Talking about tires, don't forget inserts (also called inner sponges or foams): their role is important. By reinforcing the tire from the inside, they stiffen the tire walls (avoiding chassis roll) and provide a better contact surface between the tire and the ground, thus a better grip (to be exact, they stiffen the tire contact surface with the ground avoiding it to be altered by track irregularities). Whatever foam band can do the job, provided you like spending time to cut it to the right dimensions. In concrete, hard inserts reference 53255 for 60D tires are the best solution (they also exist for 55D tires).

I also tried to install classic 1/10th wheels from any TT-01, TA-01, TL-01 etc...: this time, the size difference is about 18%. The real track test shows that the stock 540 silver can with the 20T motor pinion goes as fast as an other 55D wheels M-chassis powered by a Sport Tuned motor (18T motor pinion) laughing. Of course, this was just for fun (and look) since it is much more fun when all cars have the same setup.

But my yellow Suzuki looks way more aggressive:


With 60D tires

Tamiya 58368 Suzuki Swift Super 1600 Tires

With classic 1/10th wheels

Tamiya 58368 Suzuki Swift Super 1600 Tires


Even if this proved to be definitely useless on a track, give this mod a try if you have 1/10th wheels available, just for fun (but they may not fit every bodyshell wheel arches).


Handy useless things:

As with every chassis, many options are available for the M-03, some contributing to performances or comfort at usage when others are just for decoration.

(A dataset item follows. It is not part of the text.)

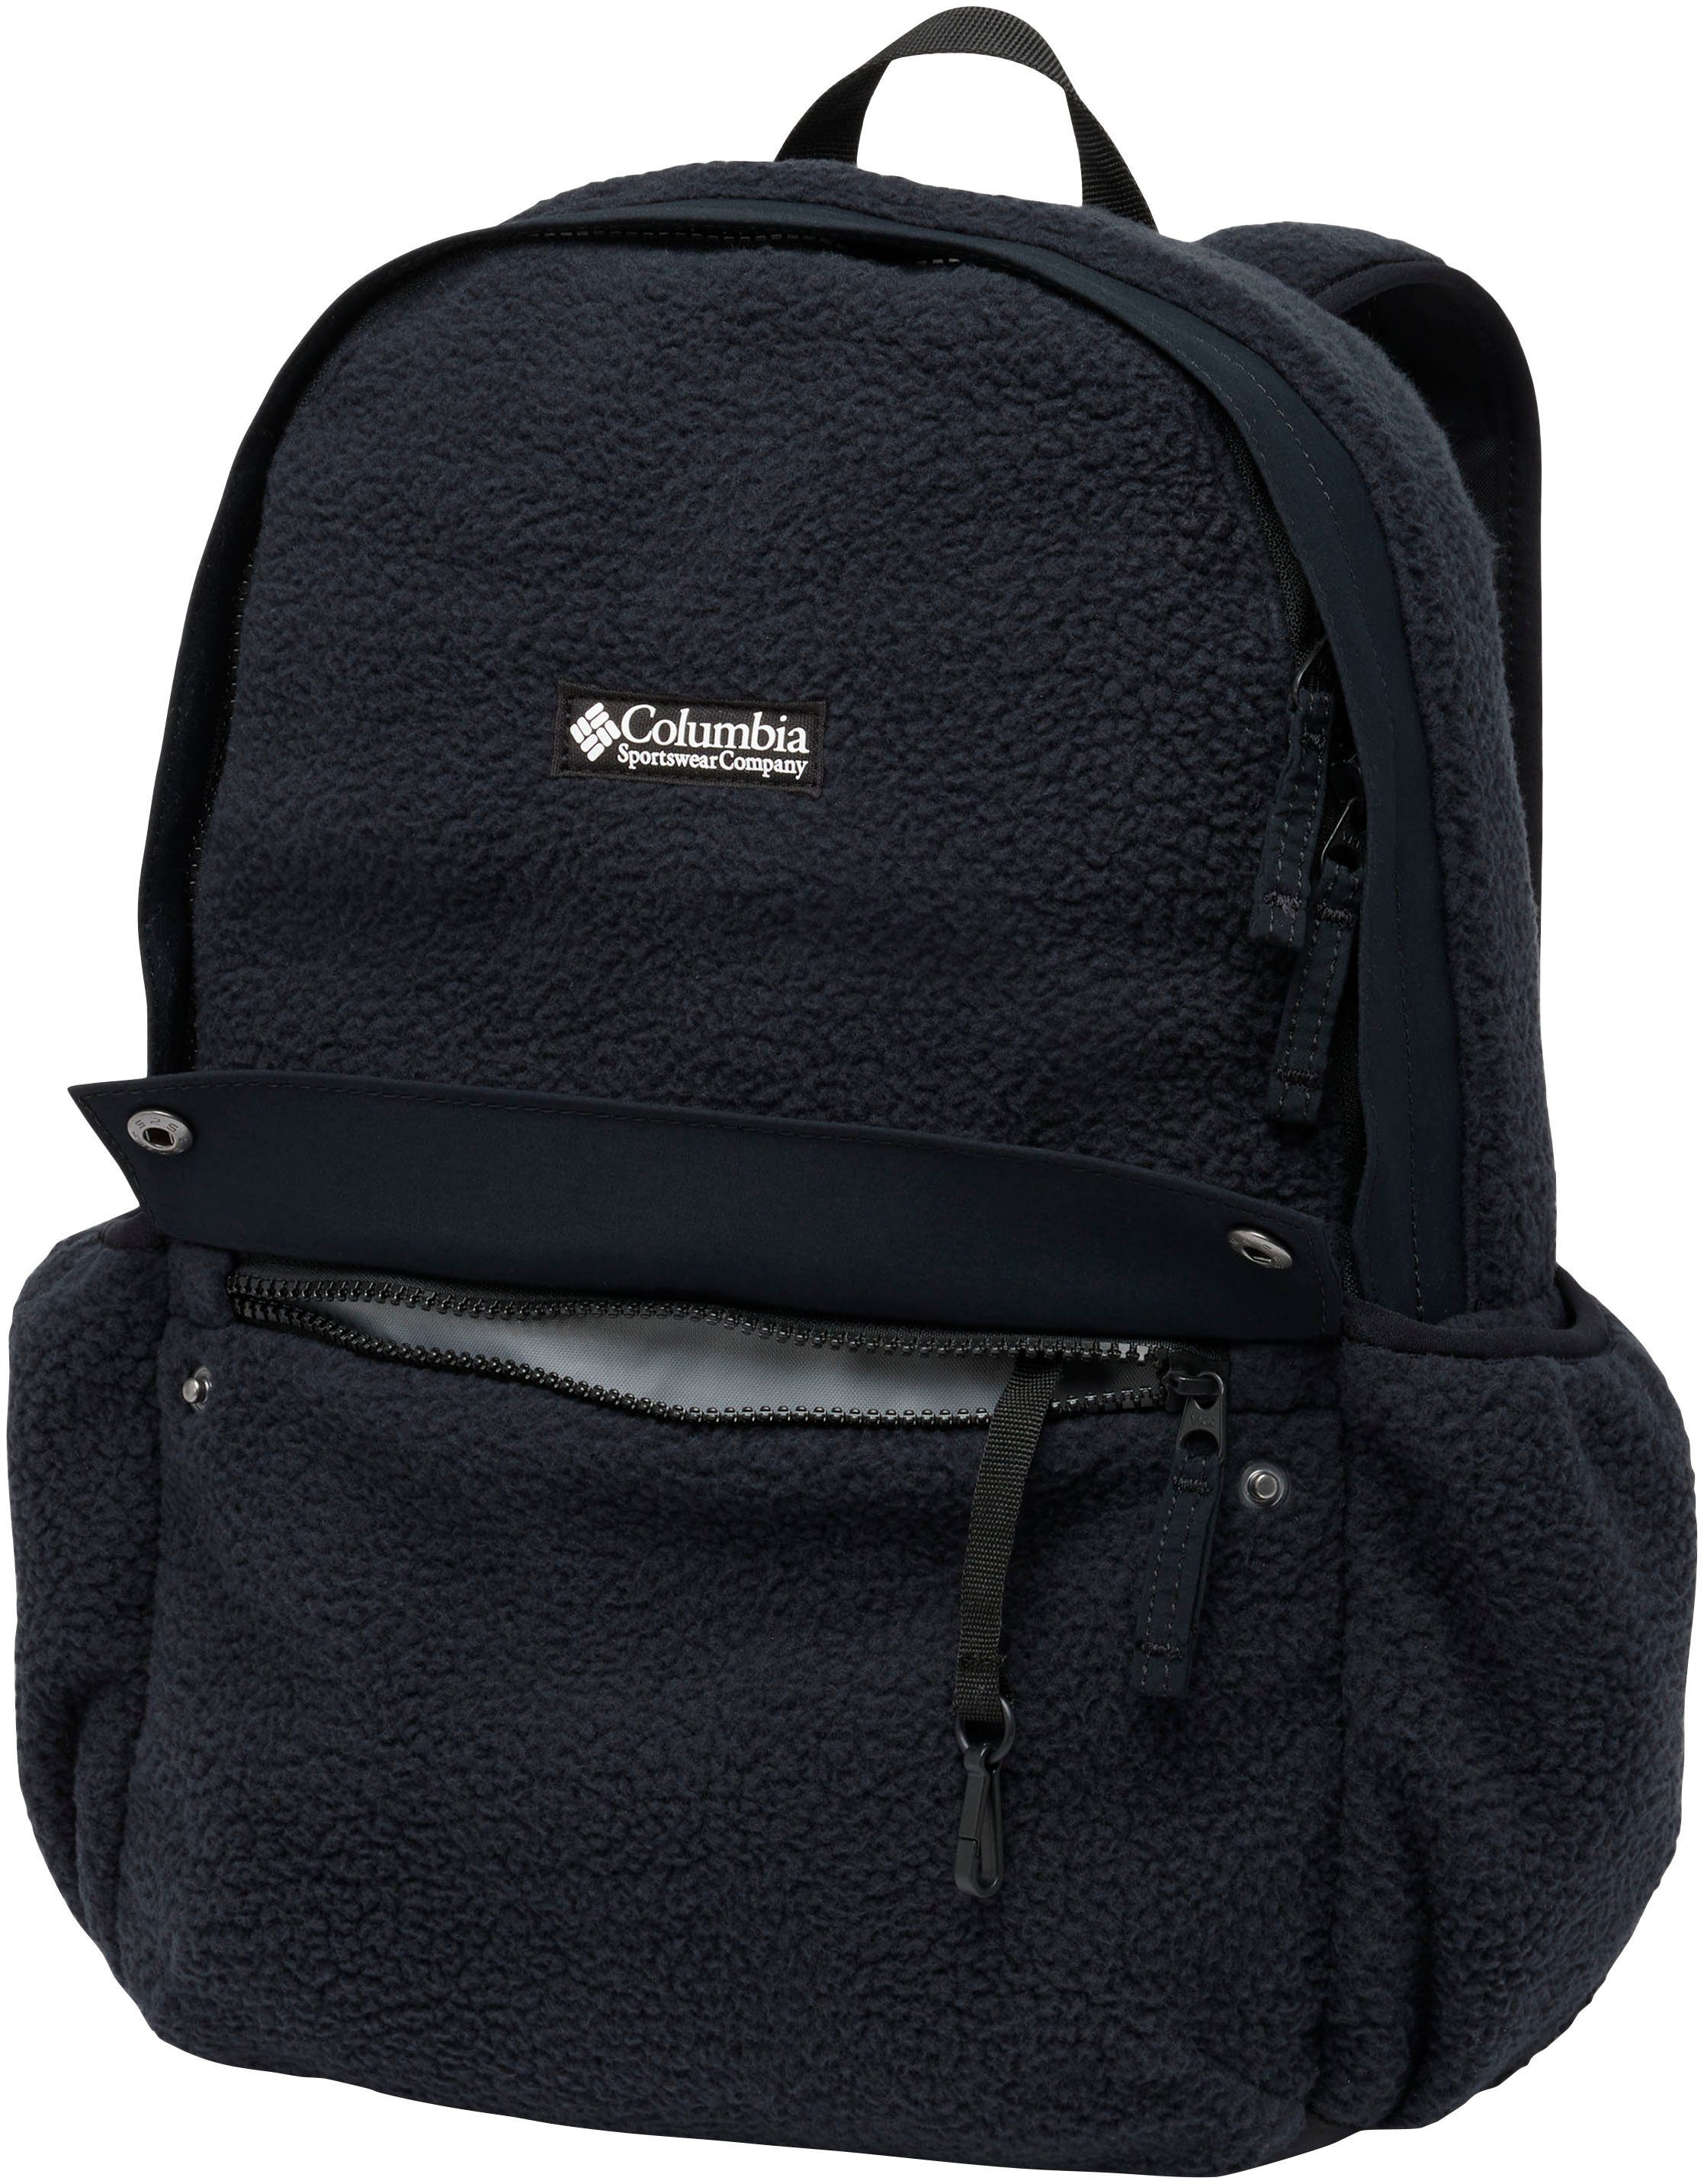 Black Backpack Columbia Rucksack Helvetia 14L

53346 Quick Battery release

Tamiya 53346 Quick Battery release

53056 Pin Type Wheel Adapters

Tamiya 53056 Pin Type Wheel Adapter


For me, those two options are among the useful but not required, even if at usage, they quickly turn into must have. The battery retention system is very helpful even though it is certainly more fragile than the standard system. About the aluminum wheel adapters, I install them on all my models since they never get trapped into the rims and never wear or break.

Now the considerably less useful parts:


3Racing motor heatsink (M03M-21/SI)

3Racing M03M-21/SI Heat Sink

3Racing cooling fan (M03M-09/LB)

Tamiya 3Racing M03M-09/LB Fan


From those two, the most effective must be the fan... well, almost laughing. The motor heatsink doesn't have a chance to evacuate heat since the heat transfer can only come through the motor screws: the thermal exchange surface is rather limited. The equivalent option from Tamiya(reference 53344) lacks the same efficiency since this is due to the chassis layout. Now the motor cooling fan that simply fits above it: at its best, the fan may unlikely give the motor a cold but will never make it colder laughing.

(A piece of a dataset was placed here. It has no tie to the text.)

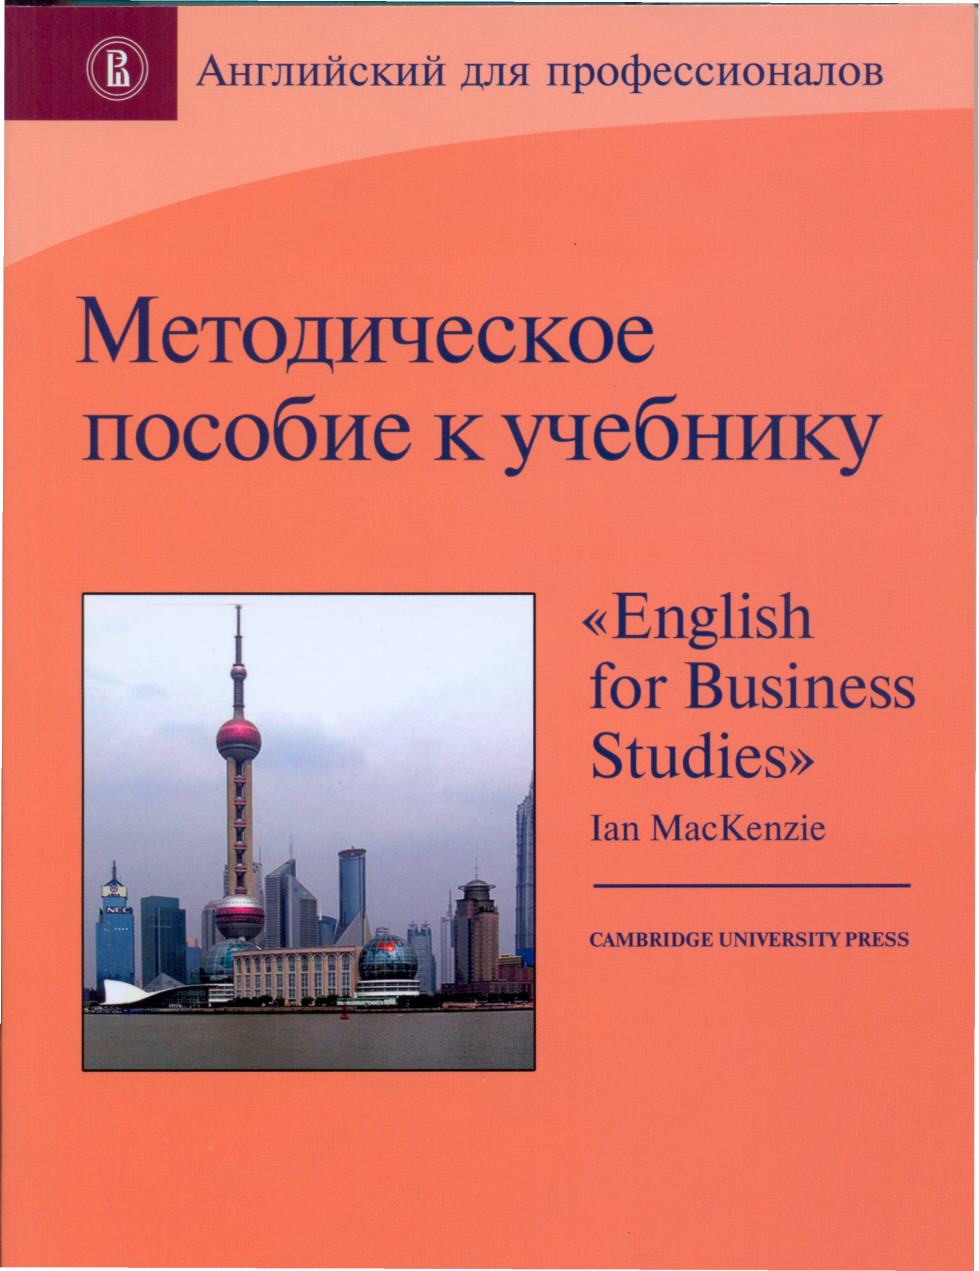 Методическое пособие к учебнику «English fог Business Studies», (З-е изд., автор Ian MacKenzie)

Among other available options for M-03, I think the only valuable ones are the adjustable turnbuckles (to fine tune drivetrain settings) and aluminum uprights (toe-in/out setup). I consider the rest to be about cosmetics and/or overweight.


Overall handling:

Very difficult to describe the M-Chassis if you never had the chance to see one and above all, to drive one. It is very quick in corners, fast in straight lines and quick to re-accelerate, even when power by the Mabuchi 540 stock silver can. To some extend, the handling makes me think of a mix between my Racing Master and my FF-01.

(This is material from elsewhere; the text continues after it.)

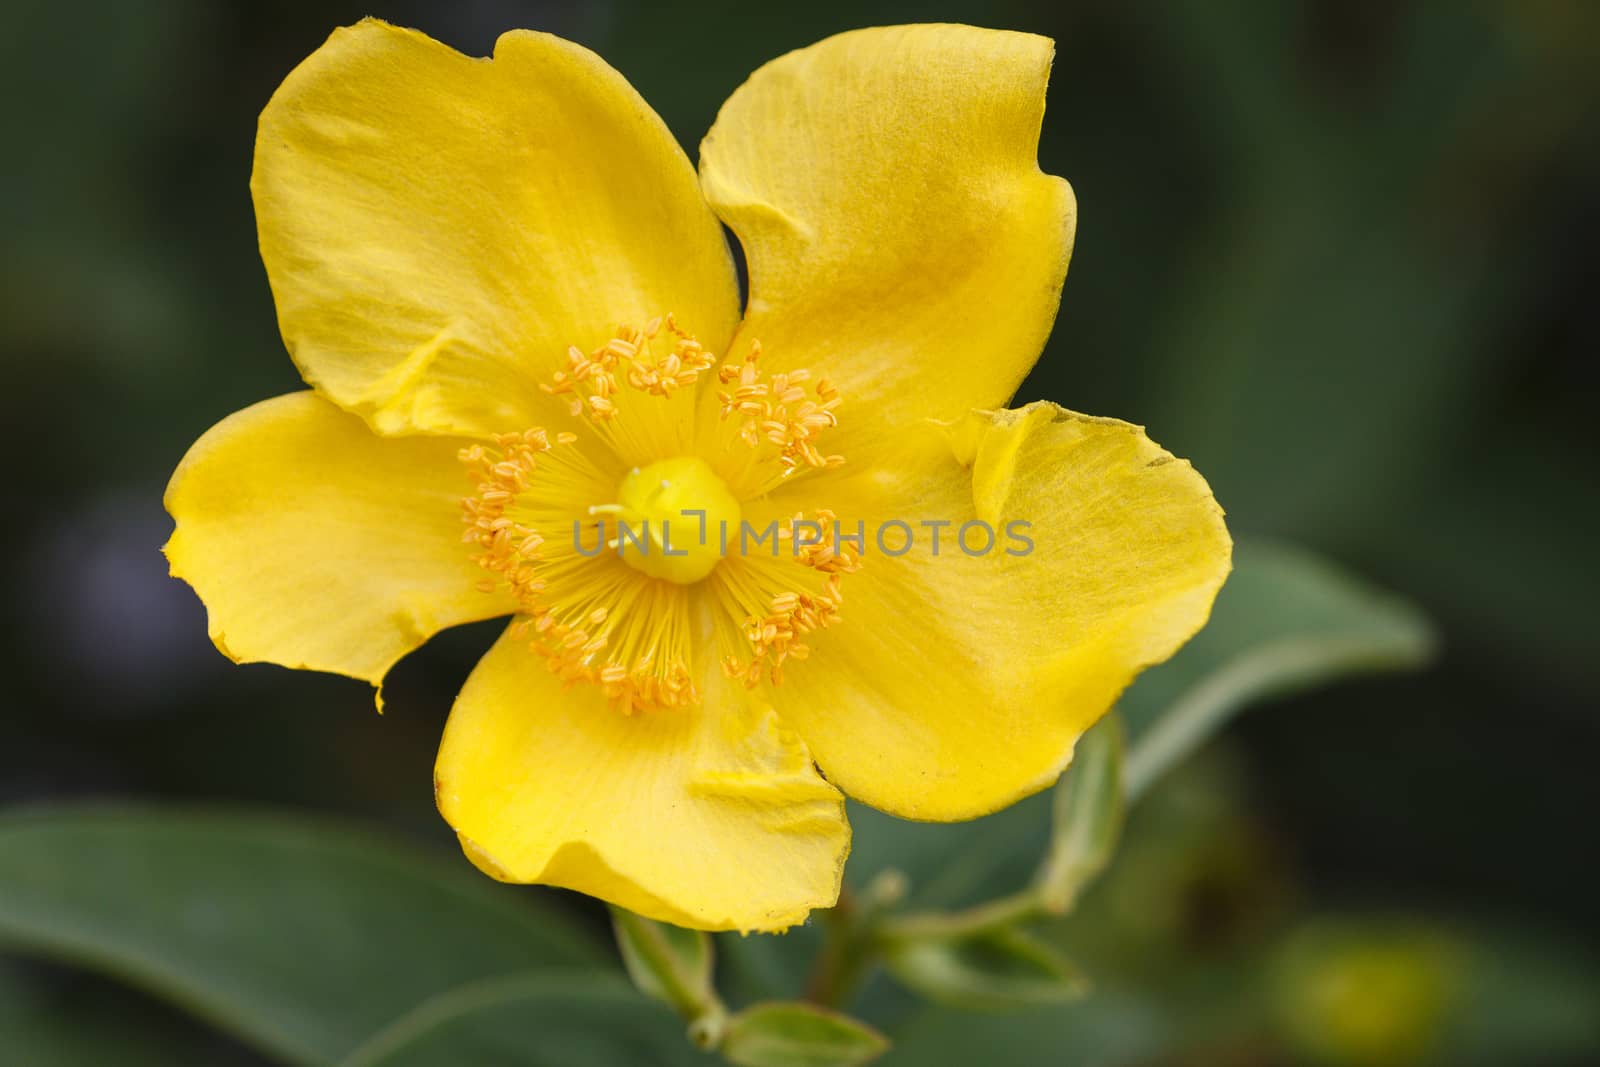 Hypericum - a yellow blossom - close-up

When taking it first in hands, it is surprisingly easy to drive despite being a front wheel drive chassis. But don't think it is boring and that easy. The best is to share the track with friends running cars with the same setup. I definitely highly recommend this chassis to anyone who wants to makes its debuts on-road, but also to everyone who think 1/10th 4WD classic chassis are boring to drive unless you fit them with more power than a Mabuchi 540 silver can.


Future evolution of my Suzuki Swift Super 1600:

Honestly, you can drive this model for years and have great moments without changing anything to it. Once you have found the suspension balance, this chassis is a blast to drive. With my friends from the Team Vintage Racing, we have decided to get even more spice out of our M-Chassis runs: our models will now be fitted with the Sport Tuned motor and an 20T motor pinion. Even quicker, even faster, even more fun!